Intra-African solidarity, Morocco matches words with action
Since King Mohammed VI ascended the Throne, Morocco has been showing Africa the way for south-south cooperation and win-win intra-African partnerships by taking initiatives on the ground matching its Africa policy discourse.
The recent such initiative was the helping hand extended by Moroccan state-owned phosphates and fertilizers company OCP which offered African countries 550,000 tons of fertilizers, of which 180,000 tons took the form of a donation and 370,000 to be sold at discounted prices.

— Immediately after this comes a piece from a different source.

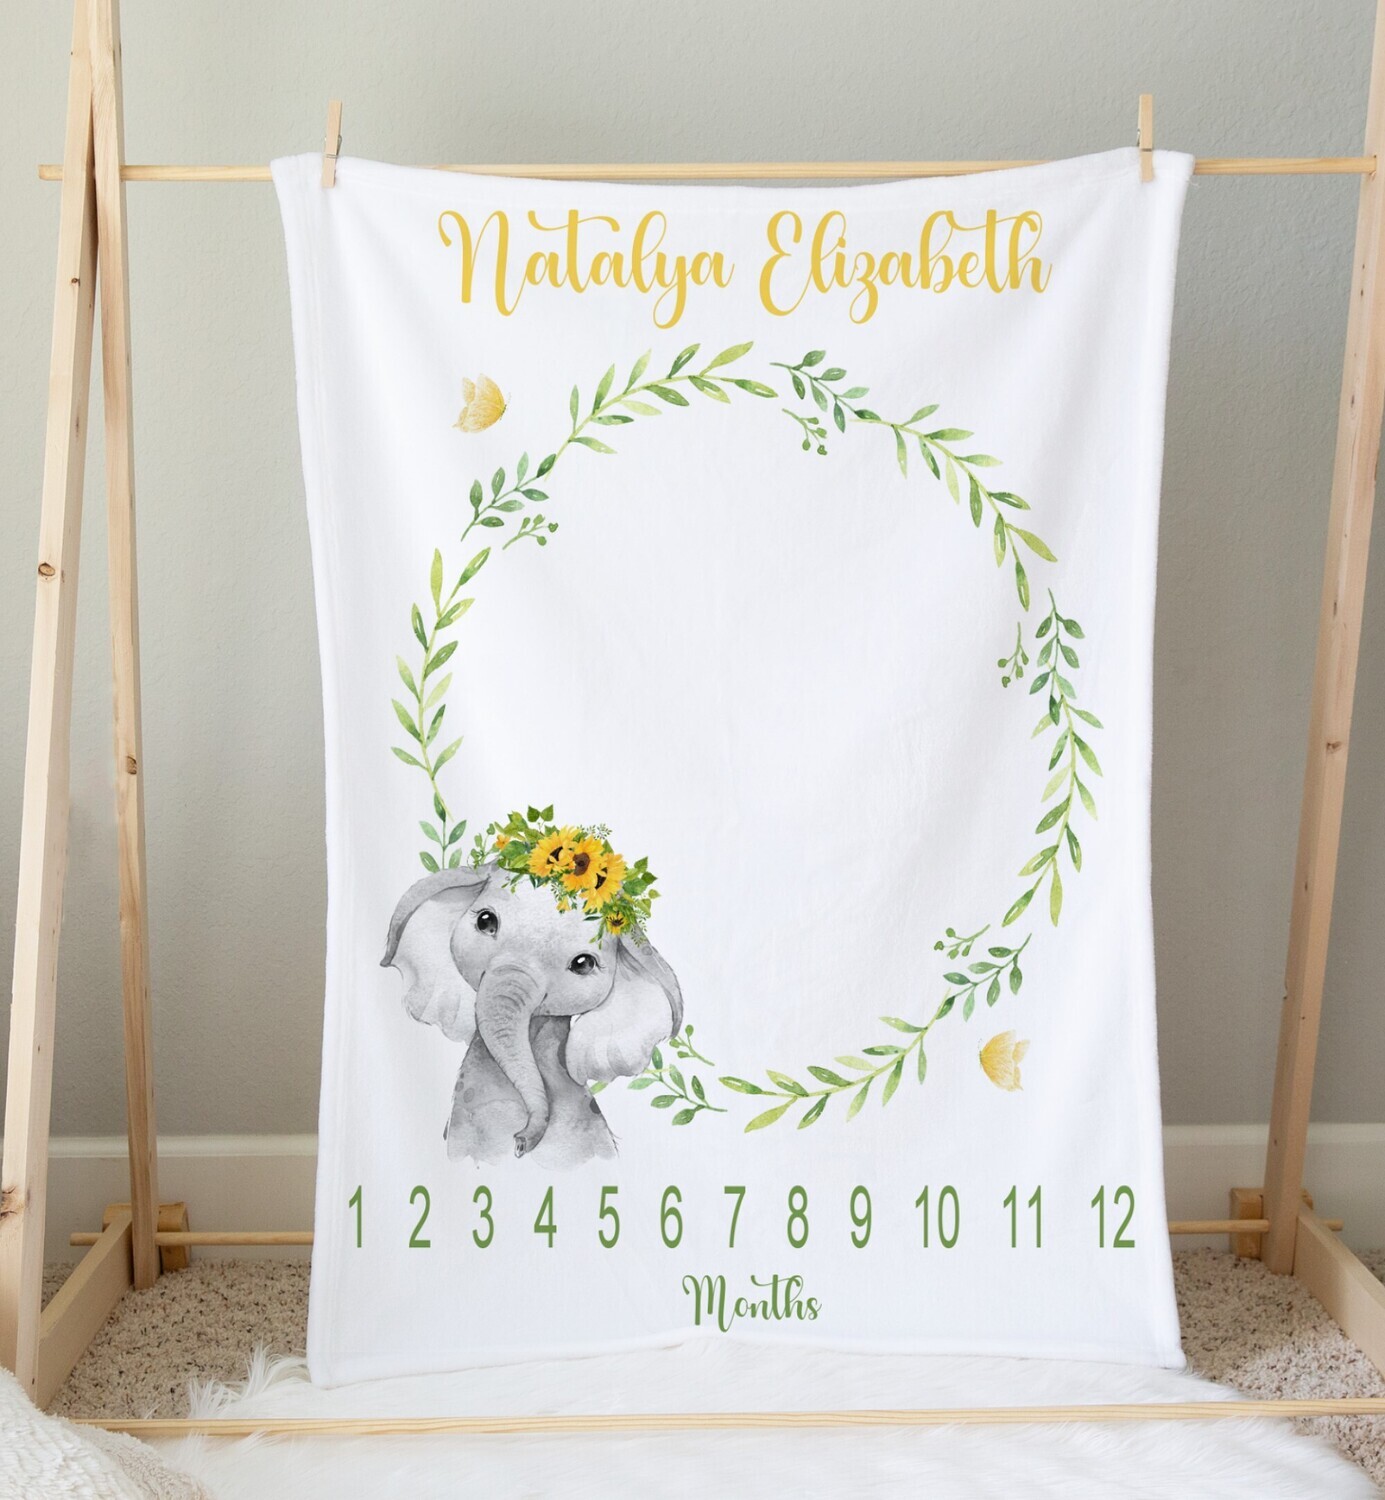 Sunflower Elephant Baby Girl Milestone Blanket Yellow Floral Crown Elephant Personalized Monthly Baby Blanket New Baby Shower Gift Baby Photo Op Backdrop

This initiative takes place in a context where the African continent struggles with soaring fertilizers prices in the international market where costs have quadrupled.
Prior to this fertilizers relief program by the OCP, which will amount to 16% of Africa’s fertilizers needs this year, Morocco made sure to dedicate 20% of its fertilizers exports to Africa although it could have shifted such quantities to Brazil or Asia where customers are willing to pay a higher price.

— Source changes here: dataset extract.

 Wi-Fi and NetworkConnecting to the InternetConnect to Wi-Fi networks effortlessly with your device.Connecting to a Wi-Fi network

Besides, OCP is investing to improve the production capacities of key African countries to reduce their dependence on imports. In Nigeria and Ethiopia in particular, OCP is planning investments totaling $8 bln to build giant factories that will supply local and regional markets.
Morocco has also made sure to benefit West African countries as it pushes to meet energy security needs. Moroccan renewable energy companies such as Nareva are helping African countries with renewables.

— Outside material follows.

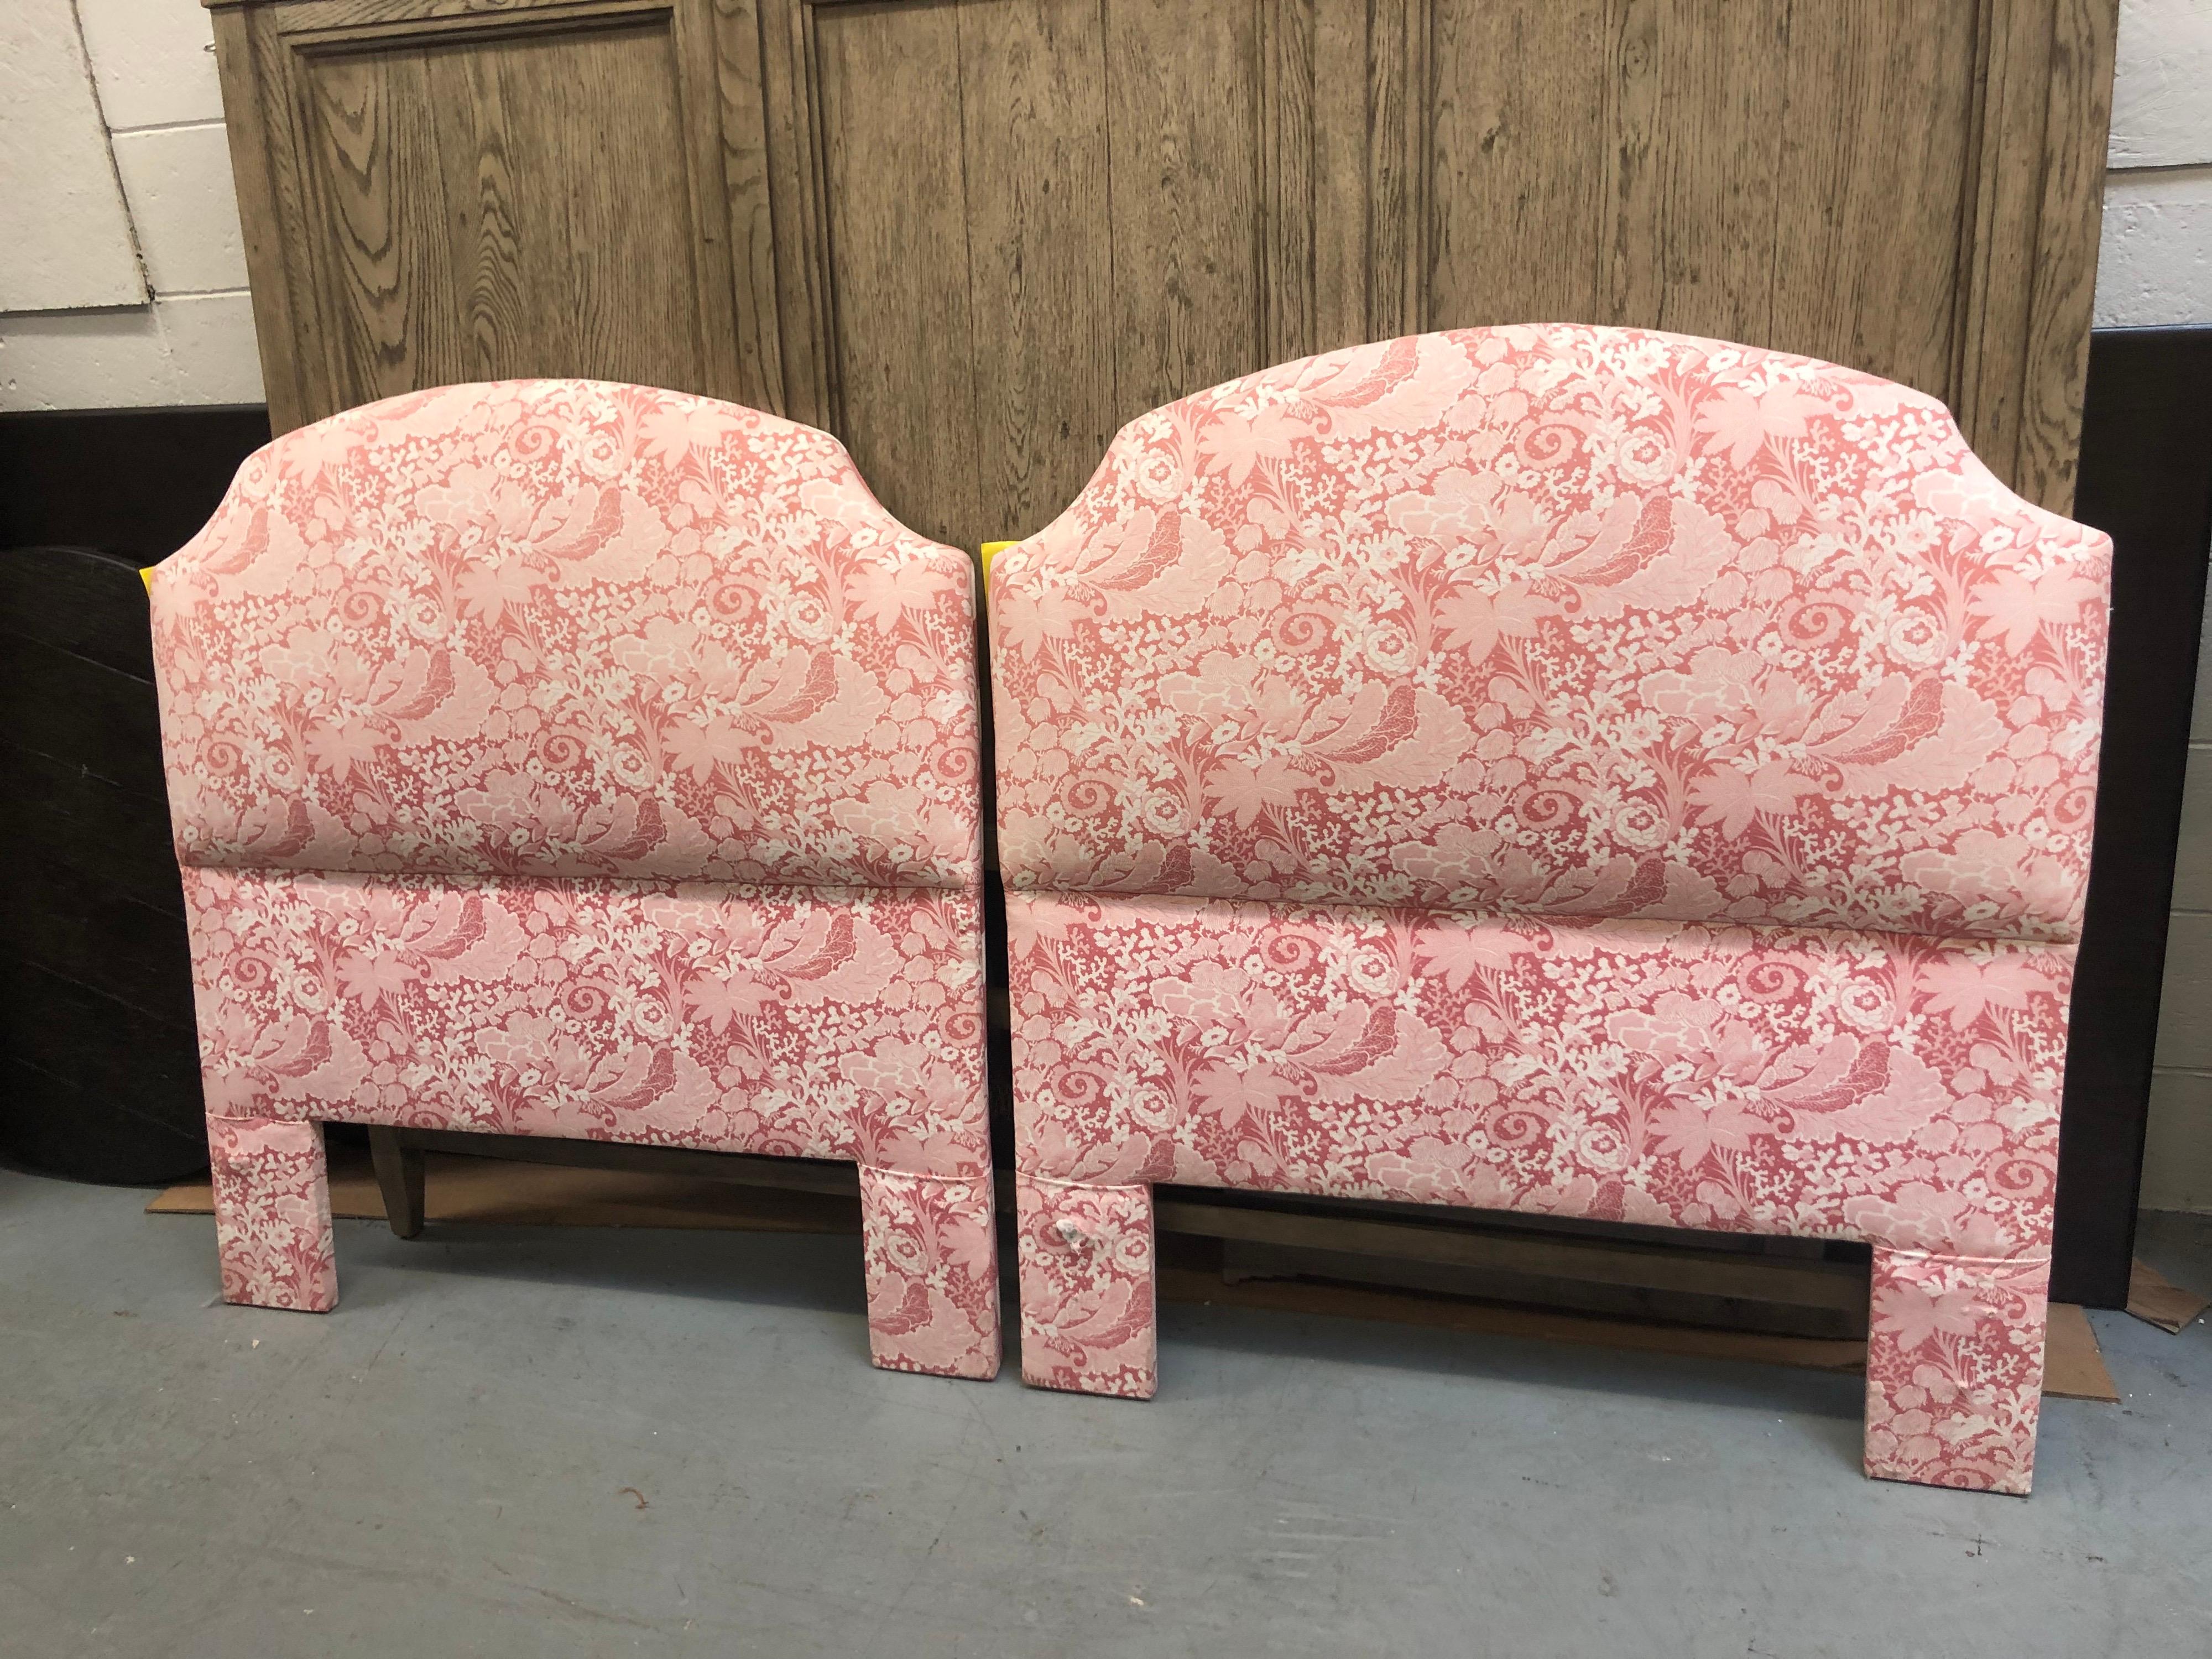 Pair of palm beach Regency twin headboards. Pretty in pink. Perfect for twin girls or a guest bedroom. In very good condition. Ready to use. No need for reupholstery.

Morocco’s gas strategy puts West African economic integration at the forefront of its interests. The pipeline that Morocco plans to build with Nigeria will channel gas to West African countries up to Morocco with a potential to export to Europe.
The Nigerian President Buhari has called on the EU and the UK recently to back the pipeline and the president of the African development bank has said it was negotiating with Rabat the means to finance it.
Infrastructure development in Africa requires money! Moroccan banks, thanks to their network in Africa, are well-positioned to act as a gateway for facilitating access to funding for African projects.
Morocco’s three largest banks Attijariwafa Bank, BCP and BOA all have subsidiaries offering universal and investment banking services.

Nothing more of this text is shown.